GDPR – Keeping a Continuous Focus on Compliance

The General Data Protection Regulation (GDPR) came into force on 25 May 2018. In the months that followed, the regulators were quiet, but businesses would have been unwise to have been lured into a false sense of security. In fact, data breach notifications were being collected and enforcement actions beginning behind the scenes. By Michael Mittel, President and GM, RapidFire Tools, a Kaseya Company.

  • 4 years ago Posted in

The news that Google had received a 50 million euros (£44m) fine for a breach of GDPR made everyone sit up and pay attention. And it is now helping to build awareness within organisations of the importance of achieving compliance. We expect more activity in the months to come: both on the prosecution side and in terms of responses from businesses affected by the ruling.

 

We have already seen that happen with the Health Insurance Portability and Accountability Act (HIPAA) in the United States. The final regulation was written into law in 2013 but it took some time for businesses to appreciate its impact and its importance. When they did, the impact of the ruling started to snowball. The same is happening now with GDPR.

 

The Challenge of Compliance

 

For many businesses, the issue is that there is no standard checklist for officially meeting the GDPR ruling. Organisations must always do their best to comply under the law but unfortunately there aren't any simple tick-box solutions. They won’t know for certain that they are compliant until an auditor comes in, checks their books and officially confirms that they are.

 

So, when the audit team arrives, businesses need to provide certain documentation required under GDPR. Typically, that will include a policies and procedures document, a data protection impact statement and a risk treatment plan.
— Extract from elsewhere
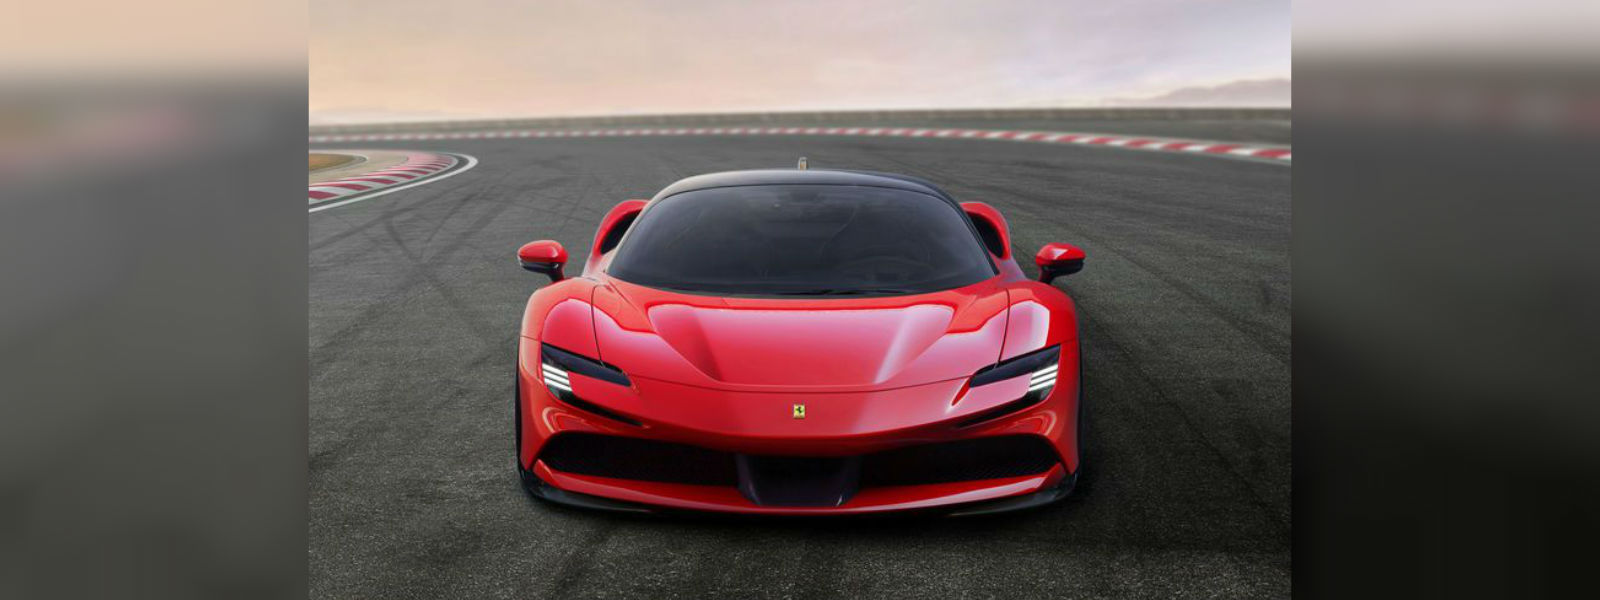 Ferrari accelerates move into hybrid cars

At a minimum, those are the key documents that organisations need to put in place in order to make a reasonable attempt to comply with the law, but they will, in all likelihood, require additional evidence of compliance. Doing nothing is not a viable option.

 

The Role of the DPO

 

In working towards compliance, a growing number of organisations today are looking at hiring data protection officers (DPOs) or other experts. Whether this is proportionate will depend on the size of the business and whether it makes sense economically to have a DPO on staff or whether it would be better to effectively outsource the privacy officer function to an external organisation.

 

For GDPR, organisations have to have a privacy officer and it's similar also with HIPAA in the US and with other compliance standards. Time is pressing on these issues. Whether or not the organisation decides to create this new DPO job role and commits to hiring somebody internally, or alternatively decides that it is going to outsource the function, it must above all make a final decision quickly.

 

Often, discussions on the role of the DPO and privacy officer can create the impression that GDPR is mainly a concern for large enterprises. That’s not the case, of course, small businesses also need to act to address GDPR compliance. After all, they can’t avoid GDPR any more than a large company can.

 

As time goes by and more cases are prosecuted, more fines and penalties meted out, and press coverage of the issue continues to mount up, small companies will increasingly feel the need to proactively address the regulation. They might not have to comply in exactly the same way as a large corporation. They may not have to put a retinal scanner on the data servers that hold privacy information, for example, but they will have to do something to make sure that sensitive data is locked down with dead bolts or implement some other apparatus to secure the data centre.

 

Making the Case

 

Given the work and planning that organisations need to undertake to comply with GDPR, it is worth highlighting that there is a strong rationale behind its implementation. I believe that the consumer owns his or her personal information and has a right not only to protect that information, but to determine when and how it's used; who gets access; whether it should be deleted, or even if it's removed from the service provider's database.

 

I believe that's the responsibility of the owner of that information:  the consumer. Under GDPR, the consumer has a right to be forgotten. That’s not something that is fully enshrined in US law currently. But in the EU, if you want to eliminate your records from a service provider's database, you have that right.

 

The US is heading for a grand type of GDPR overarching privacy law. It may not happen in the first six months of 2019, it may not even happen in 2019 at all, but we are heading in that direction as demonstrated by the recent law that was enacted in California, the Consumer Privacy Act. It's not exactly the same as GDPR, but it's similar, and is designed to protect the consumer and give the consumer rights that in the US that have not been fully acknowledged for many years.

 

It is clear today that we are seeing a general move towards a greater focus on protecting consumer privacy. Organisations need to wake up to that growing call and ensure they are doing all they can to comply with the regulations that apply to them in the markets in which they operate.